Ministers pressure North Sea oil and gas firms to invest profits

·2-min read
(PA) (PA Archive)
(PA) (PA Archive)

North Sea oil and gas firms must deliver a clear plan to reinvest profits to accelerate domestic production, ministers have demanded as they face pressure to tackle the cost-of-living crisis.

Business Secretary Kwasi Kwarteng has written to the industry saying it must also set out plans for investment in clean energy during a meeting in the coming weeks.

Soaring energy bills is one of the major problems the Government is battling to alleviate, but ministers are not being given fresh funding to ease the pain.

Business Secretary Kwasi Kwarteng (Jeff Overs/BBC) (PA Media)
Business Secretary Kwasi Kwarteng (Jeff Overs/BBC) (PA Media)

Mr Kwarteng told the industry investing in home-grown energy production is essential to grow the British economy and “crucially bring down consumer bills in the long-term”.

“In return for the UK Government’s ongoing support for the sector, the Prime Minister, the Chancellor and I want to see a very clear plan from the oil and gas industry to reinvest profits in the North Sea and, importantly, in the clean energy technologies of the future,” he wrote.

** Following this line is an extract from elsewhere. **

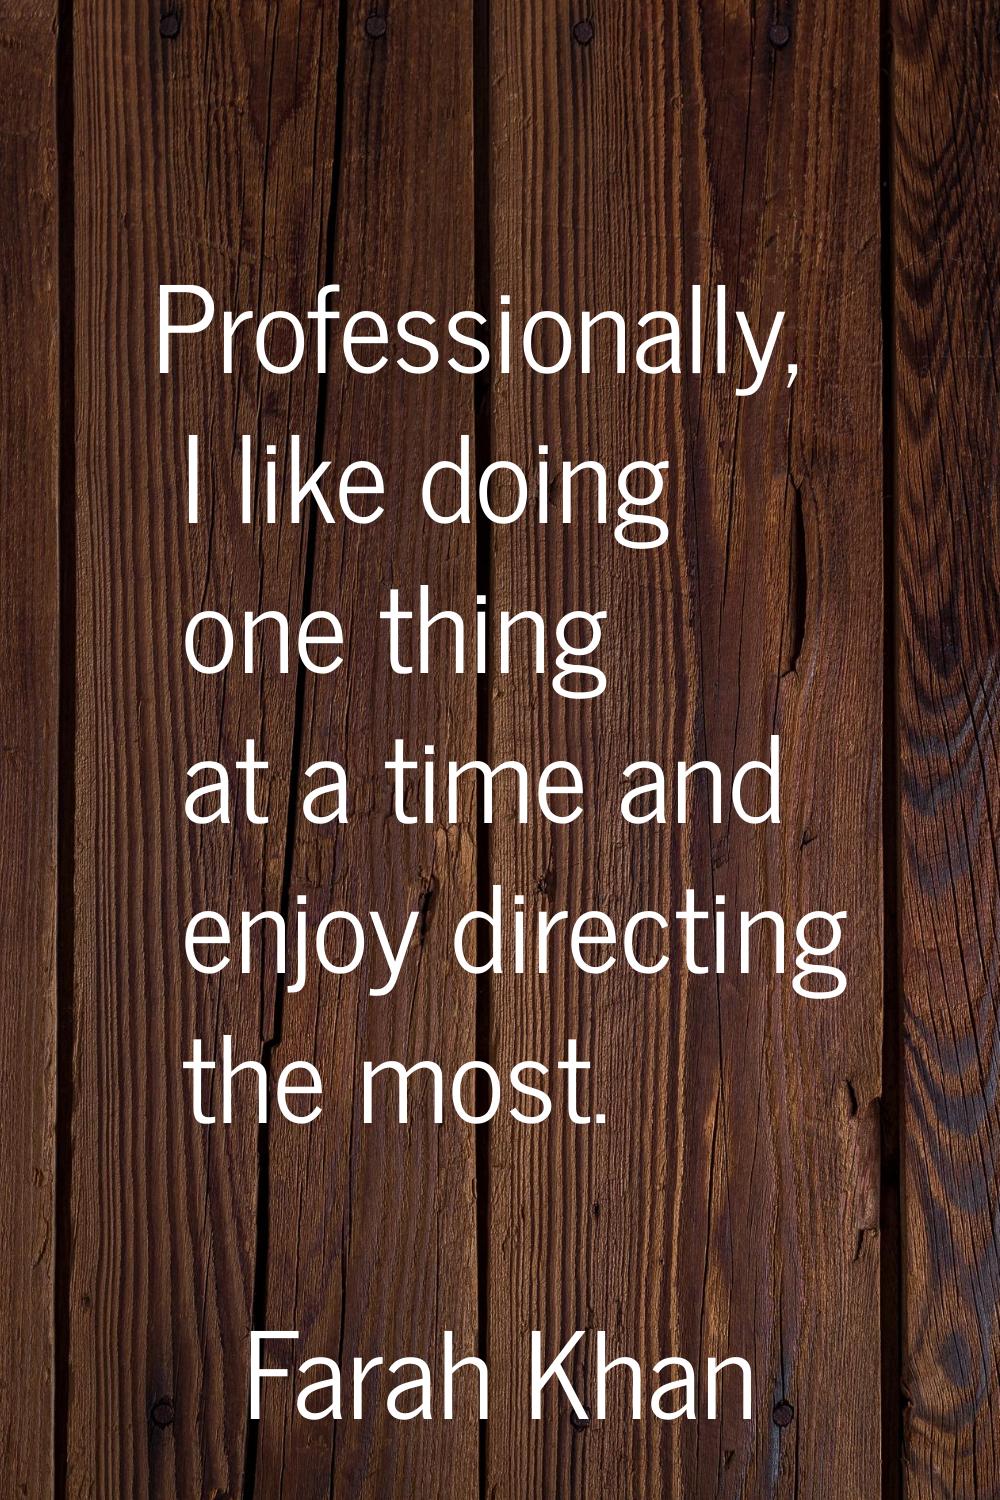 Professionally, I like doing one thing at a time and enjoy directing the most.

“At our next meeting in coming weeks, I would like you to set out how you will reinvest profits, double down on investments in the clean energy transition and importantly accelerate and maximise domestic oil and gas production.”

Labour said the Government is “rattled” as oil and gas producers make “soaring profits” as bills rocket.

Shadow climate change secretary Ed Miliband said: “Kwasi Kwarteng’s letter is not worth the paper it is written on for millions of families facing the cost of living crisis.

“Families want action to deal with the bills crisis, not a vacuous, insulting piece of political spin.

“The only way to actually make a difference is to do the right, fair and principled thing and impose a one-off windfall tax on oil and gas producers’ profits to provide real help to families now and put in place a green energy sprint in the years ahead.”

Ministers have been resisting imposing the windfall tax, but Chancellor Rishi Sunak opened the door to the move earlier this week.

“If we don’t see that type of investment coming forward and if the companies are not going to make those investments in our country and in our energy security, then of course that’s something I would look at,” he said.